Under a Technology Demonstrator Programme (TDP) called ‘Icarus’, the team will develop and demonstrate a way to affordably integrate ‘best of breed’ technologies in a category known as ‘Active Protection Systems’ (APS), preparing them for deployment across the Army’s fleet of land vehicles.
Part of the TDP will see the Leonardo team demonstrate and evaluate an operational prototype against ‘live fire’ weapon engagements. Team members working with Leonardo to deliver the Icarus TDP are BAE Systems, Lockheed Martin UK, Ultra Electronics, Frazer-Nash, Brighton University, Abstract Solutions, Roke Manor Research and SCISYS.

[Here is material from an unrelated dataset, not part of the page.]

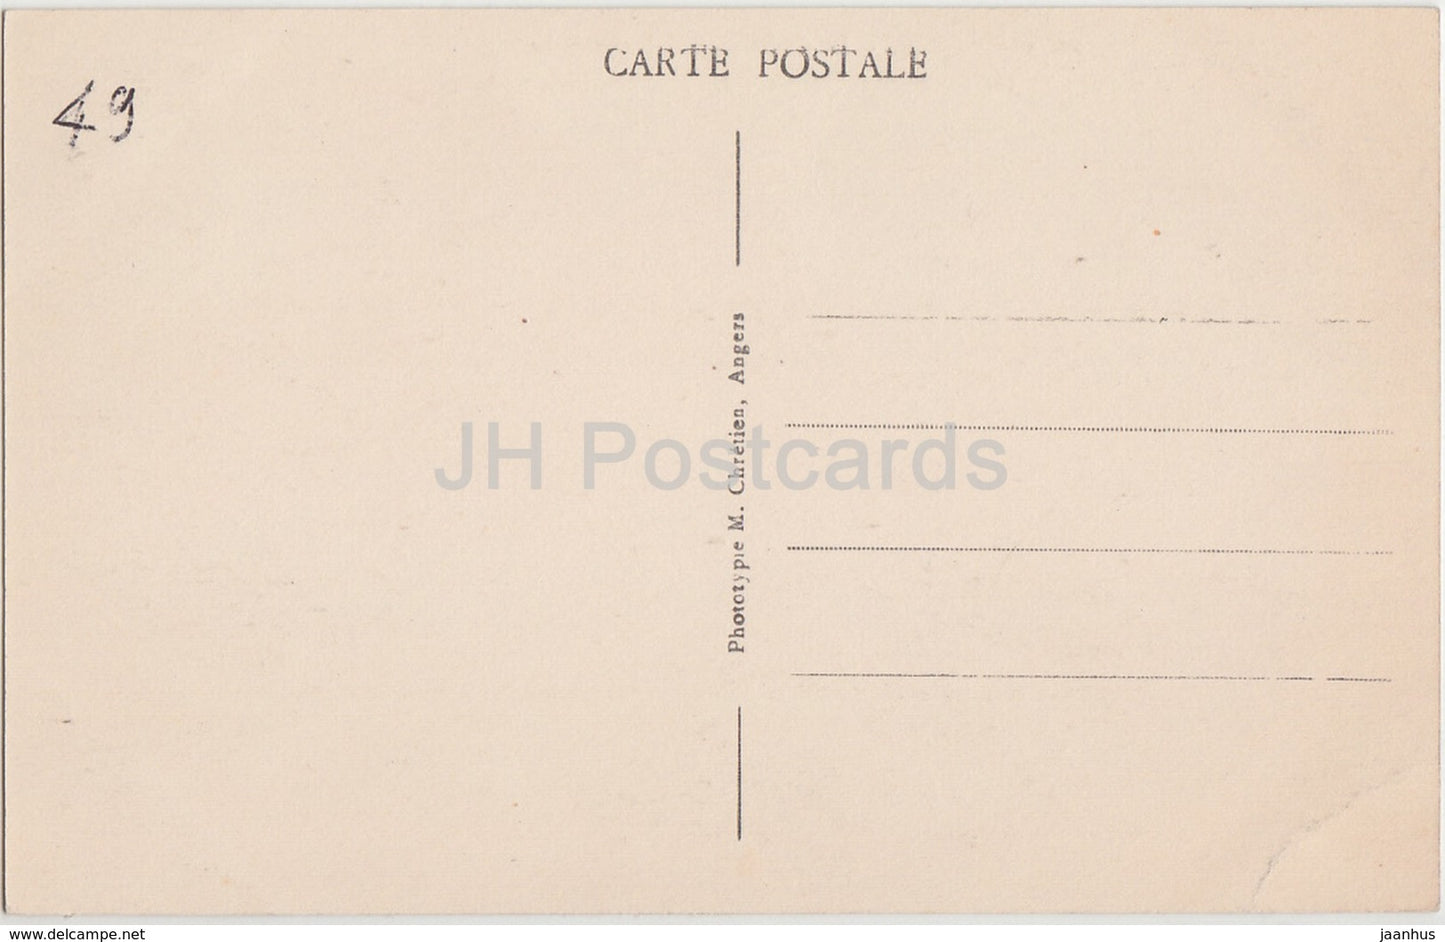 Angers - Le Chateau feodal modernise - par se douves fleuries - castle - 20 - old postcard - France - unused

The project is responding to an operational environment where armour by itself will not be sufficient to defend against the capabilities of future weapon systems, in particular threats such as Rocket Propelled Grenades (RPGs) and Anti-Tank Guided Weapons (ATGW).
In order to counter this growing threat, a number of Active Protection Systems (APS) technologies have been developed by industry and are available as off-the-shelf solutions to supplement the physical protection that is offered by an armoured vehicle.
APS technologies generally fall into either of two categories: ‘soft’ APS solutions that are focused on early threat detection and which attempt to disrupt, decoy or spoof the incoming threat and ‘hard’ APS systems that seek to defeat the incoming weapon system by physically intercepting it, known in military terminology as a ‘kinetic effect’.
Whilst these APS technologies are currently available and will continue to be developed by industry, it is clear that no single solution is suited to every threat scenario or indeed all threats.
The key challenge is to be able to rapidly and affordably tailor a vehicle’s combination of APS technologies to optimise survivability prior to, or during, deployment.
Against this backdrop, the primary objective of the Icarus TDP is to develop and demonstrate a UK sovereign Modular, Integrated Protection System (MIPS) Electronic Architecture (EA) that enables “best of breed” APS sensors and countermeasures to be selected, integrated and deployed as necessary to defeat a wide range of current and future battlefield weapon threats. Not only must the architecture be easy to use, it must also be affordable and dependable and ultimately form the basis of a new MIPS defence standard, similar in principle to that which has been developed for the UK Generic Vehicle Architecture (GVA) standard.